15 января. Мы устроили последний склад. Высота 9.950 фут. Поверхность ужасающая, но мы все-таки прошли шесть миль в четыре часа и три четверти. В нашем последнем складе мы оставляем провизии на четыре дня и кое-какую мелочь. Наш груз теперь очень легок… Странно представить себе, что два больших перехода должны привести нас к полюсу! Дело теперь, можно сказать, верное. Боуэрс продолжает свои наблюдения. Удивительно, как он их разрабатывает, лежа в своем спальном мешке в нашей тесной палатке. Всего 27 миль до полюса! Теперь уже должны дойти!»
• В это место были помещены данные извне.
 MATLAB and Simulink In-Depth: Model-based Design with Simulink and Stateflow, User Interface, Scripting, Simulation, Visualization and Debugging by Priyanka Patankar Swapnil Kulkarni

Вторник 16 января. Путешественники остановились на высоте 9.760 фут. Мороз был 23 с половиной градуса. С утра шли бодро и прошли 7 1/2 миль. После завтрака собрались, в дальнейший путь в самом радужном настроении от мысли, что завтра будет достигнута цель. Вдруг, около второго часа Боуэрс своими зоркими глазами разглядел вдали какой-то темный предмет, который сначала принял за «кэрн». Он встревожился, но затем решил, что это, должно быть, заструга. Через полчаса он уже разглядел впереди какую-то черную точку, и когда путешественники подошли ближе, то оказалось, что это был флаг, привязанный к полозьям саней, и поблизости – остатки лагеря, следы саней, лыж, расходящиеся в разные стороны и ясные следы множества собачьих лап.
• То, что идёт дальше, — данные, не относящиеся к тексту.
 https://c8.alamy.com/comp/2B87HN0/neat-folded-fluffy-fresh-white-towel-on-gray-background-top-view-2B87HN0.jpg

«Сбылись наши худшие опасения! – восклицает Скотт. – Другие опередили нас! Вся история как на ладони, – они первые достигли полюса. Ужасное разочарование, и мне больно за своих товарищей. Много чего мы передумали и о многом переговорили. Завтра надо идти дальше, к полюсу, и затем спешить домой с наивозможной скоростью.
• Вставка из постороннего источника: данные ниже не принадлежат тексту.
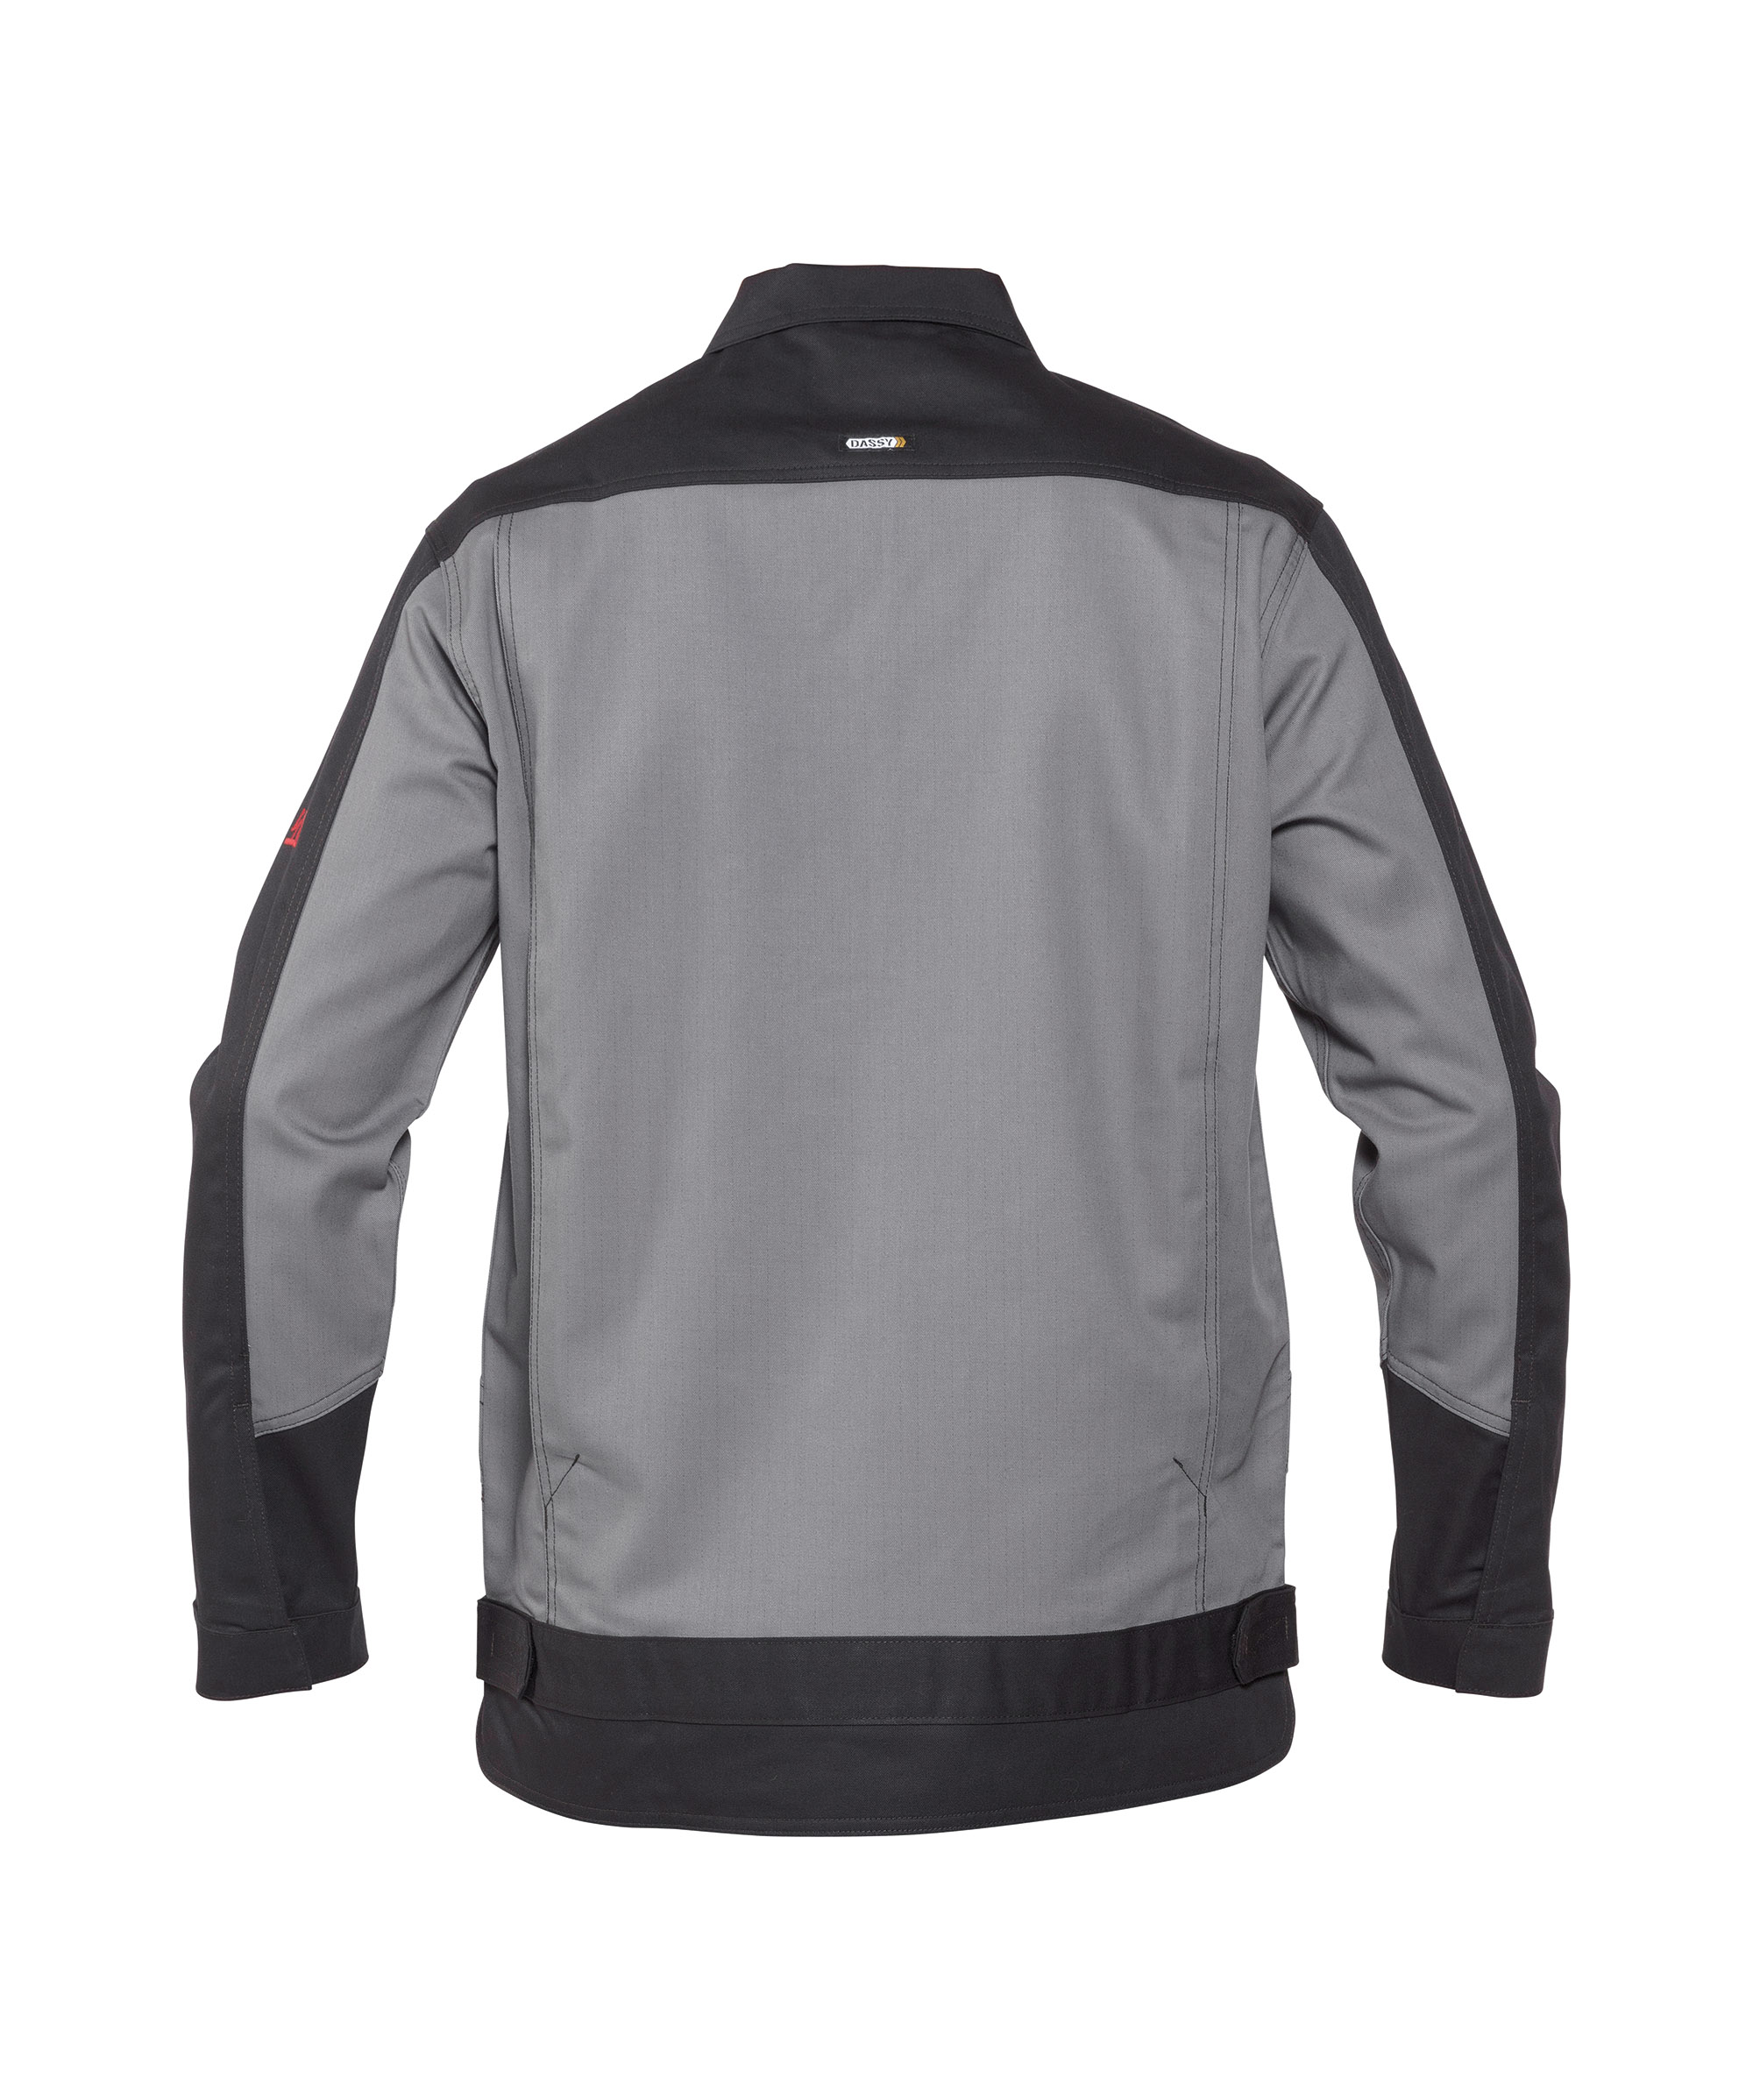 kiel_two-tone-multinorm-work-jacket_graphite-grey-black_back.jpg

Среда 17 января 1911 года. Температура утром 20°, ночью – 21°. Полюс! Да, мы его достигли, но совсем уже при иных условиях! Мы пережили ужасный день. К нашему огорчению прибавился еще сильный противный ветер, и мои товарищи шли через силу с холодными руками и ногами. Горькое разочарование мешало нам спать, и мы выступили утром в половине восьмого. В воздухе чувствуется странная холодная влажность, пронизывающая в одну минуту до костей. В остальном очень мало перемены против ужасного однообразия последних дней. Что это за ужасное место! Как тяжело сознавать, что за все наши труды мы даже не вознаграждены столь ожидаемым торжеством! Конечно, много значит уже и то, что мы вообще сюда дошли. Мы все-таки устроили пир в честь полюса и испытываем теперь приятное ощущение. Уильсон дал каждому из нас по палочке шоколада и по папиросе. Это было прибавлением к нашему обычному меню».